[CentOS] Hardware raid health?
Digimer
lists at alteeve.ca
Mon Aug 25 20:08:32 UTC 2014
On 25/08/14 04:03 PM, Les Mikesell wrote:
> I just had an IBM in a remote location with a hardware raid1 have both
> drives go bad. With local machines I probably would have caught it
> from the drive light before the 2nd one died... What is the state of
> the art in linux software monitoring for this? Long ago when that
> box was set up I think the best I could have done was a Java GUI tool
> that IBM had for their servers - and that seemed like overkill for a
> simple monitor. Is there anything more lightweight that knows about
> the underlying drives in a hardware raid set on IBM's - and also
> recent HP servers?
IBM used LSI-based controllers, I believe.

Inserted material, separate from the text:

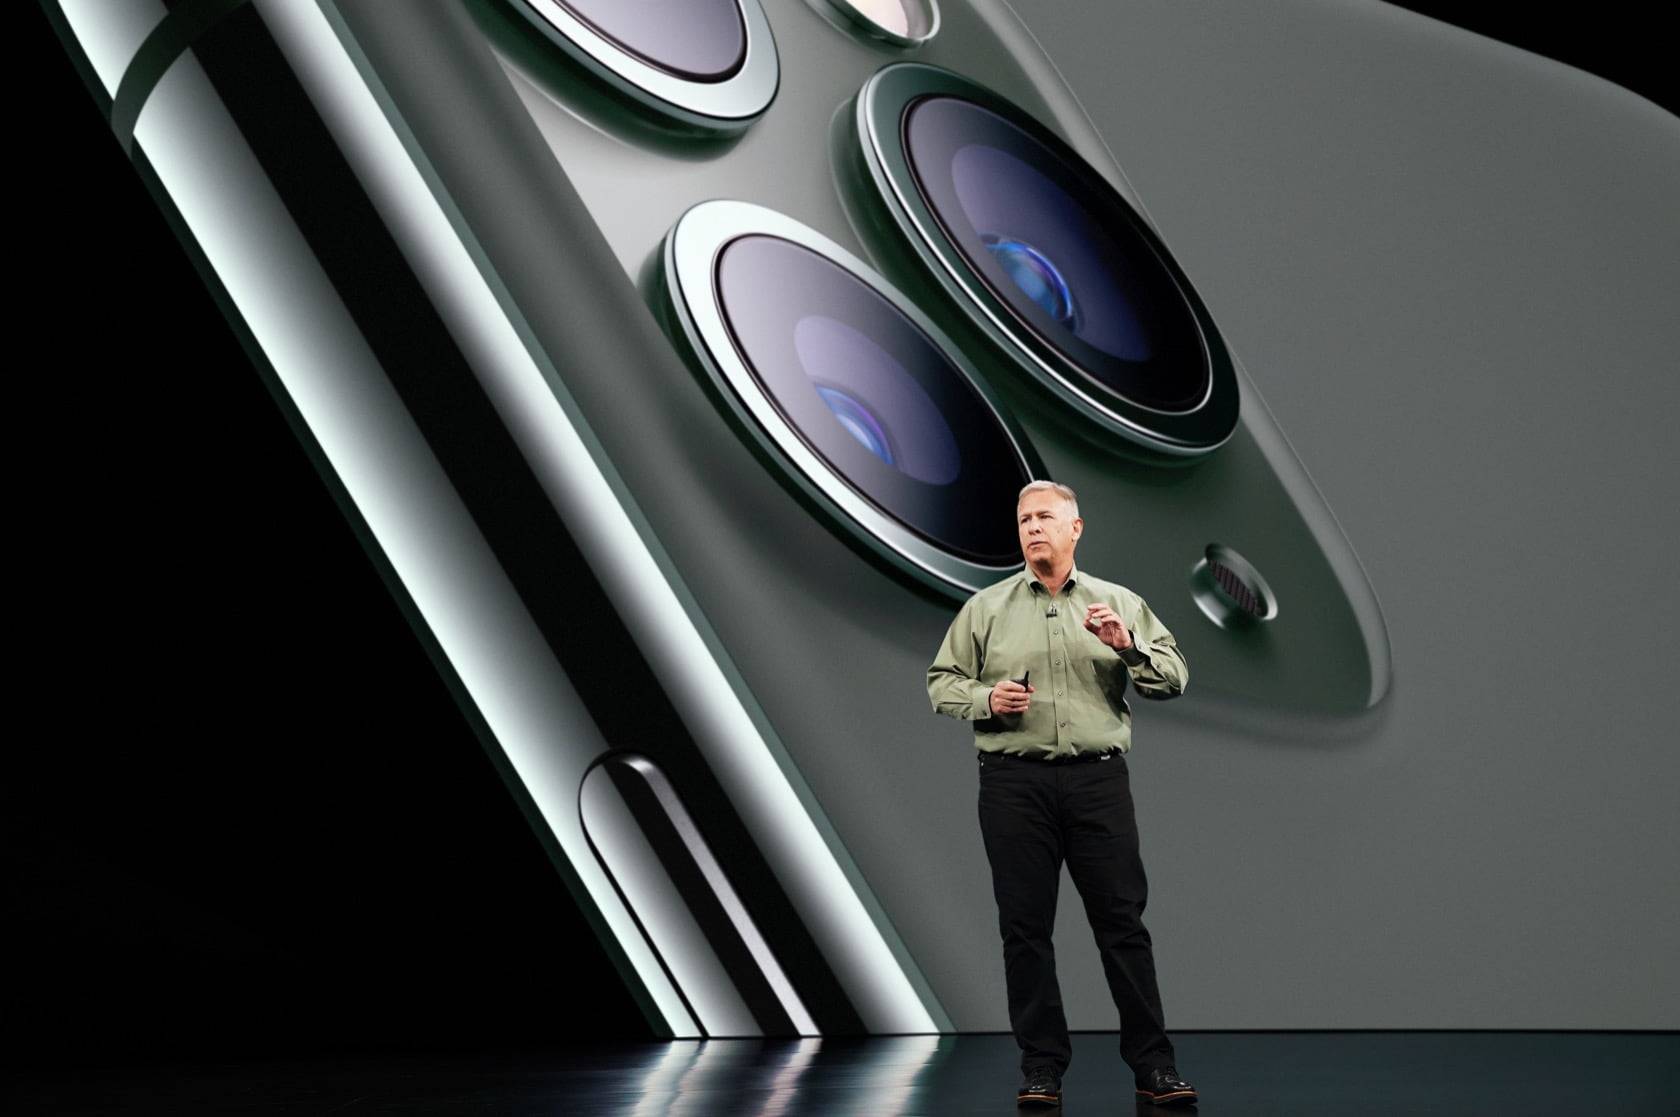 Apple Keynote Event Phil Schiller iPhone 11 Pro 091019 - Perché non utilizzare una fotocamera per la fotografia computazionale che migliora notevolmente le capacità della fotocamera dell’iPhone?
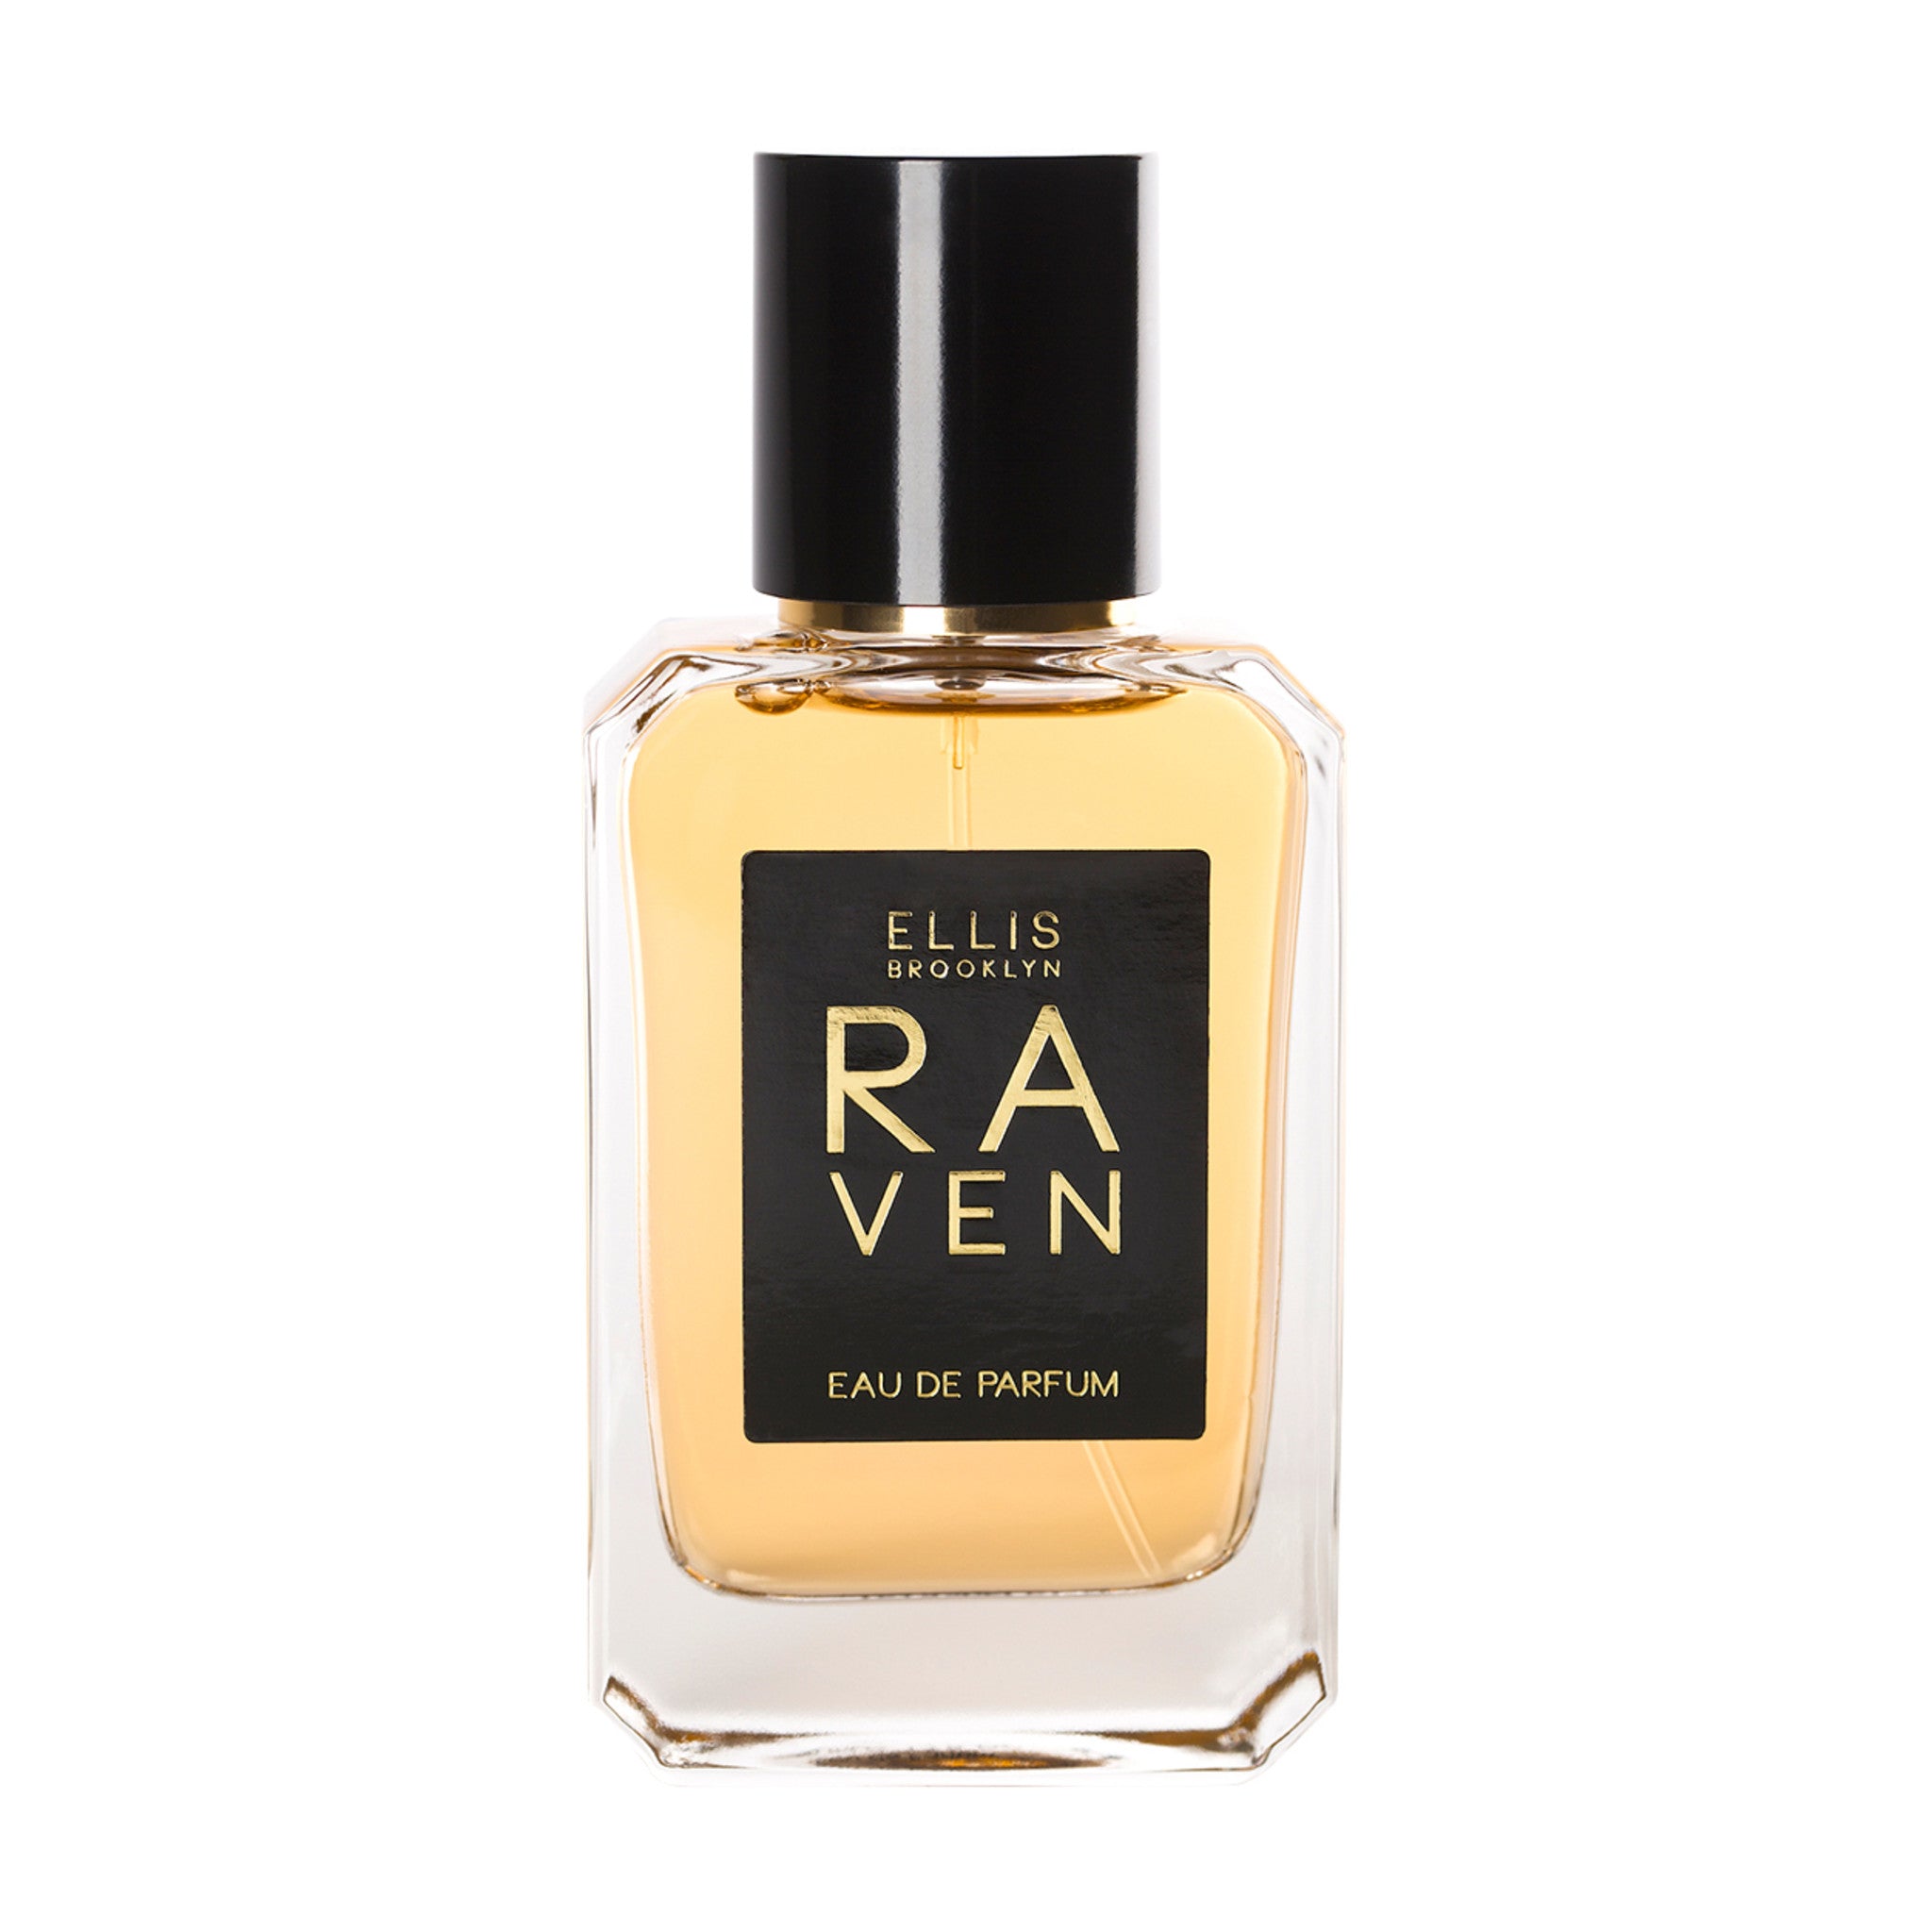 Raven Eau de Parfum main image.

For our monitoring, we wrote a little script that calls MegaCli64 every
30 seconds and checks for changes. If anything of note changes (drive
health, BBU/FBU issues, temperature issues, etc) it sends us an email.
It would be fairly easy to do the same for hpacucli, I would imagine.
Unfortunately, though it's all open source, it's part of a package that
monitors a pile of things (including IPMI sensors, APC UPSes, Red Hat HA
stack, etc), so it wouldn't be drop-in-and-go. That said, you could
probably fairly easily strip it down if you wanted to use it, too.
If you're curious, I show how to set it up here. If you're comfortable
with perl, it'll be pretty easy to adapt, I suspect.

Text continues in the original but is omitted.